Meses após a criação do cargo de ombudsman pela Folha de S. Paulo, há 20 anos, uma piada circulava nos meios jornalísticos: ‘O Estadão já tem o seu ouvidor, falta a Folha arrumar o dela’. O chiste dizia respeito à alegada tendência do primeiro ocupante do cargo, Caio Túlio Costa (1989/1991), de reiteradamente criticar o jornal concorrente ou de comparar a cobertura que o jornal dos Mesquita fazia de determinado assunto em relação à oferecida pela Folha.
O gracejo me veio novamente à cabeça ao ler a coluna do atual ombudsman da Folha, Carlos Eduardo Lins da Silva, publicada no domingo (1/8) e intitulada ‘A internet a serviço do jornalismo’. Como seu título explicita, nela são elencados, nas palavras do jornalista, ‘exemplos de como a internet pode contribuir muito positivamente para melhorar a qualidade do jornalismo e das relações entre a sociedade e seus governantes’.

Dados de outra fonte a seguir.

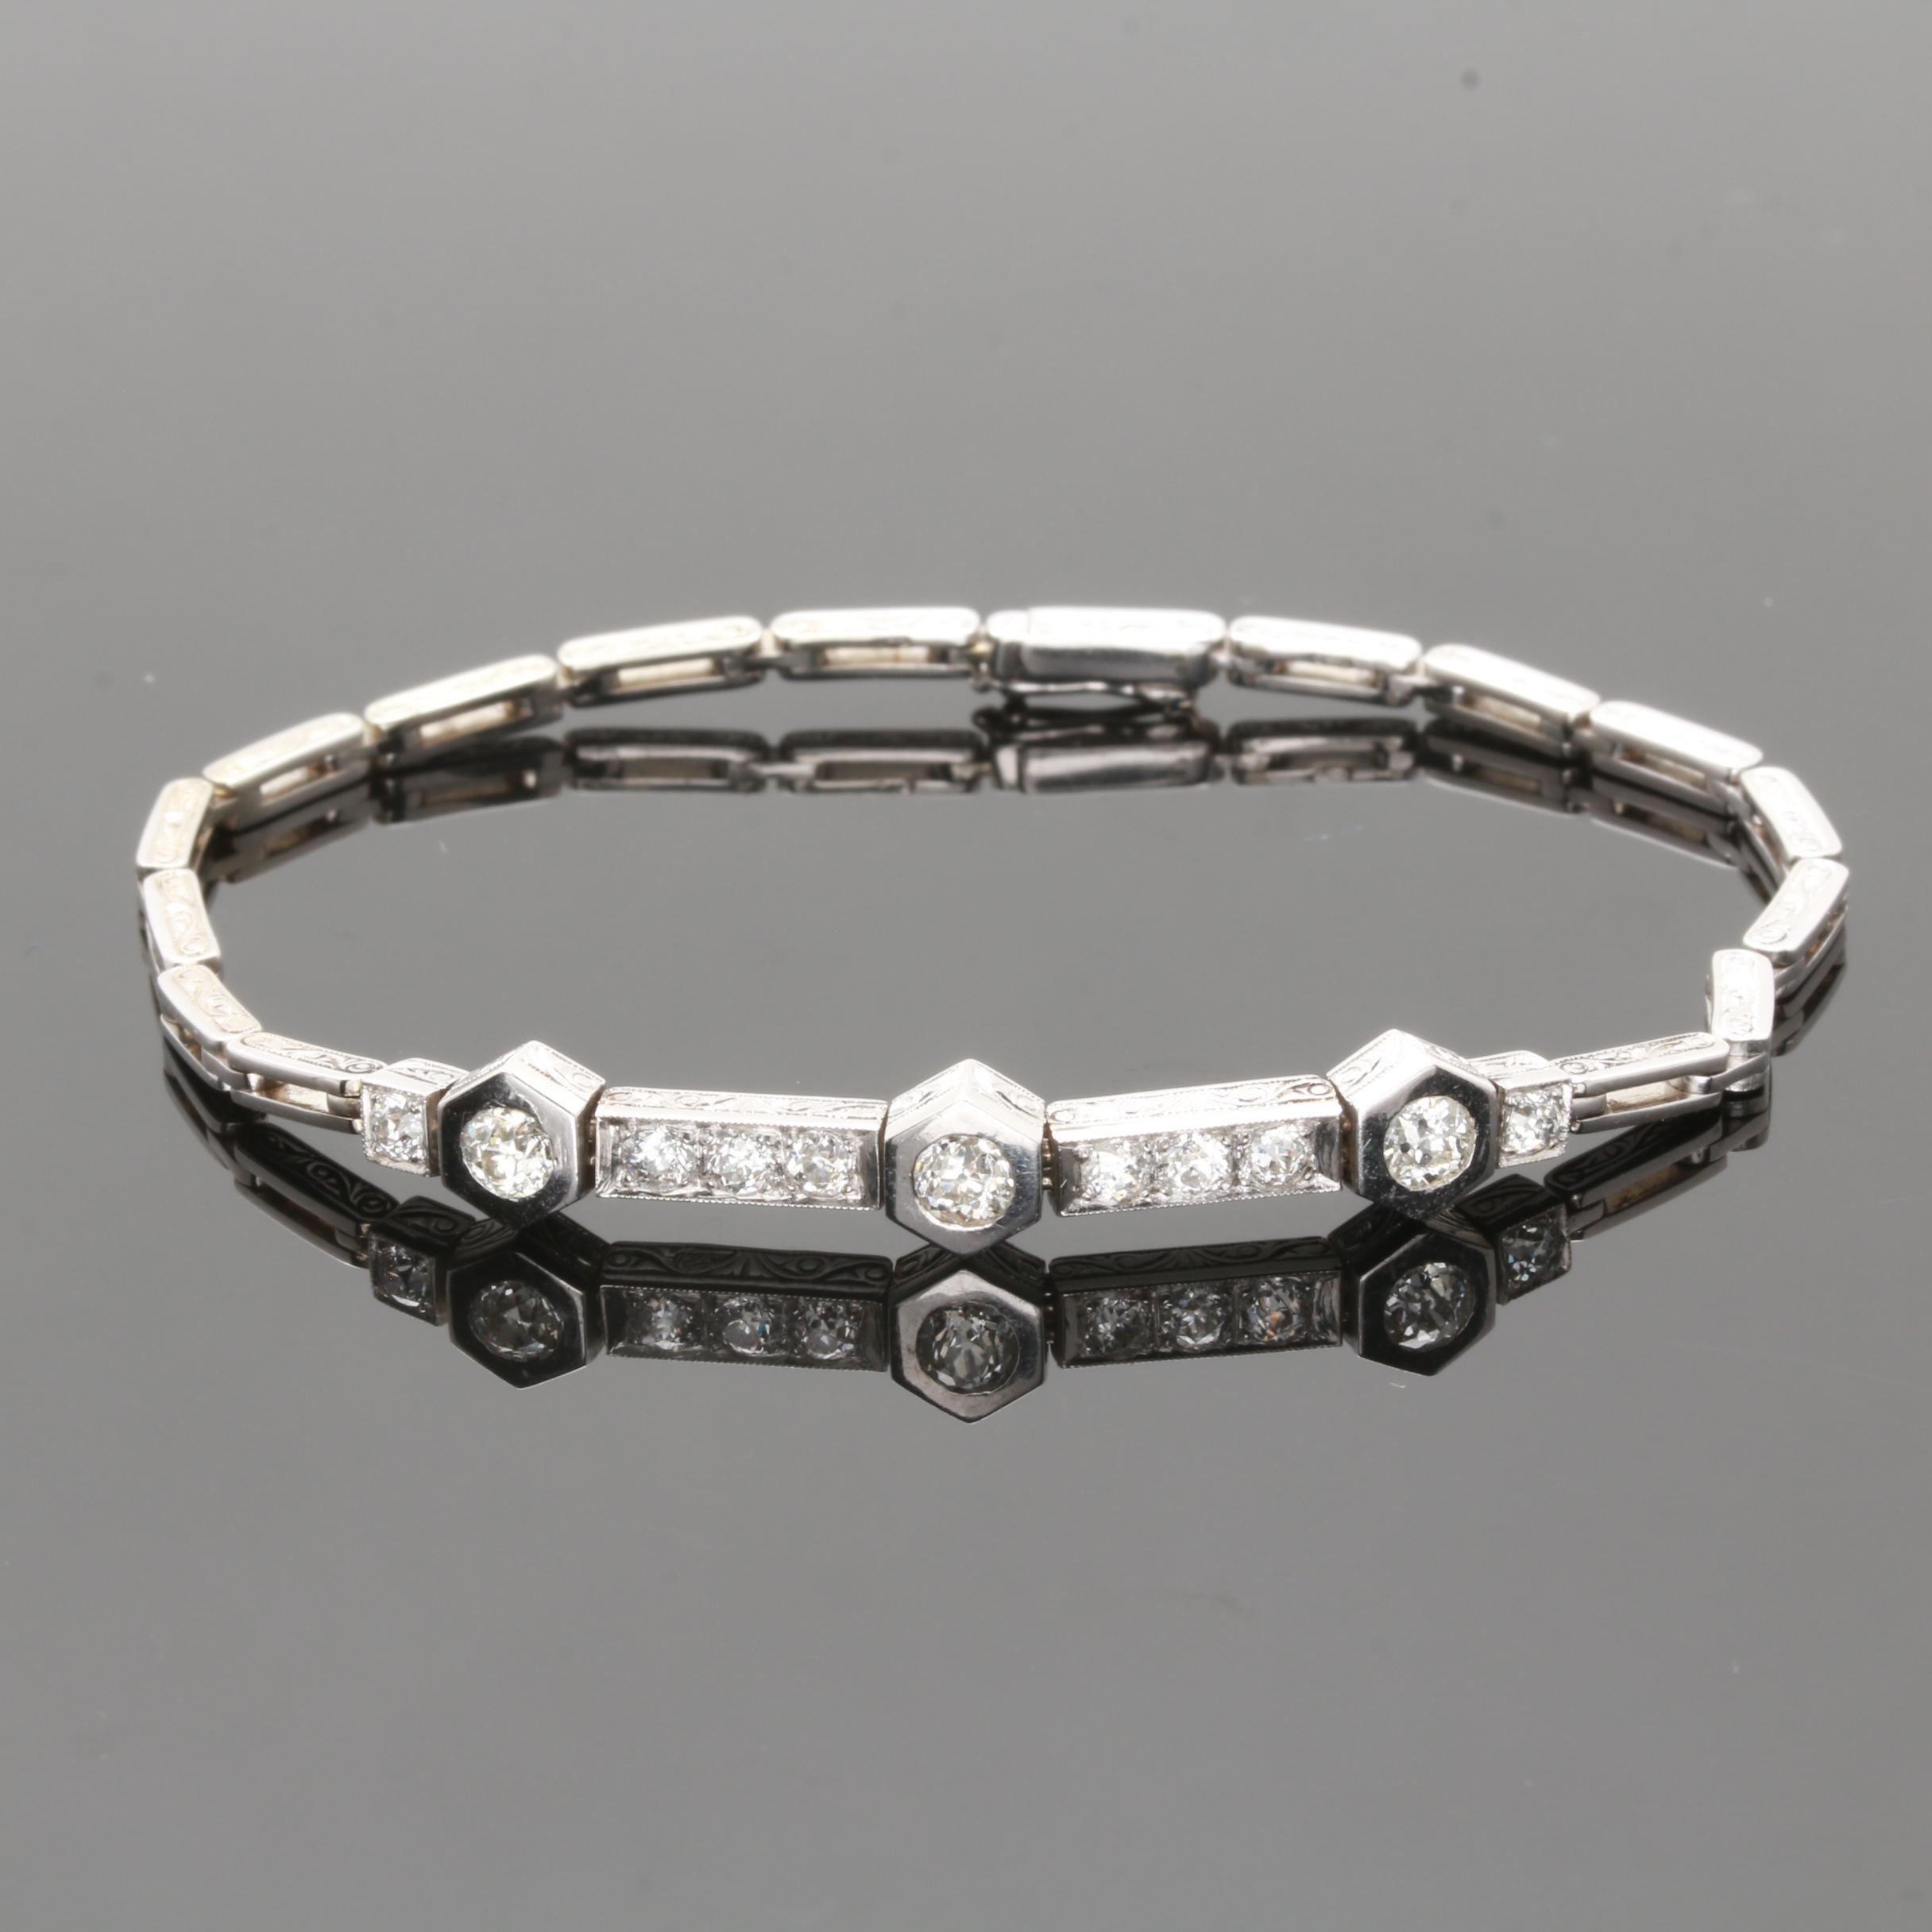 Vintage 14K White Gold Diamond Bracelet

Tais exemplos advêm do jornalismo norte-americano e não há qualquer correlação à atividade de imprensa no Brasil nem ao órgão em que Lins da Silva trabalha e que está incumbido de criticar, alegadamente em nome do leitor e do aperfeiçoamento do jornal. Esta omissão leva a curiosas distorções. Por exemplo: Lins da Silva afirma, corretamente, que ‘há quem enxergue na internet um inimigo do jornalismo. É um erro conceitual e estratégico’. Mas tal afirmação não é correlacionada a exemplos recorrentes de profissionais que alimentam tal anacronismo, facilmente encontráveis entre alguns colunistas do jornal, destacadamente na ‘nobre’ página A-2. Perde-se, portanto, uma oportunidade efetiva de agir de acordo com as prerrogativas do cargo, criticando objetivamente aspectos preconceituosos e datados vigentes em setores do jornal.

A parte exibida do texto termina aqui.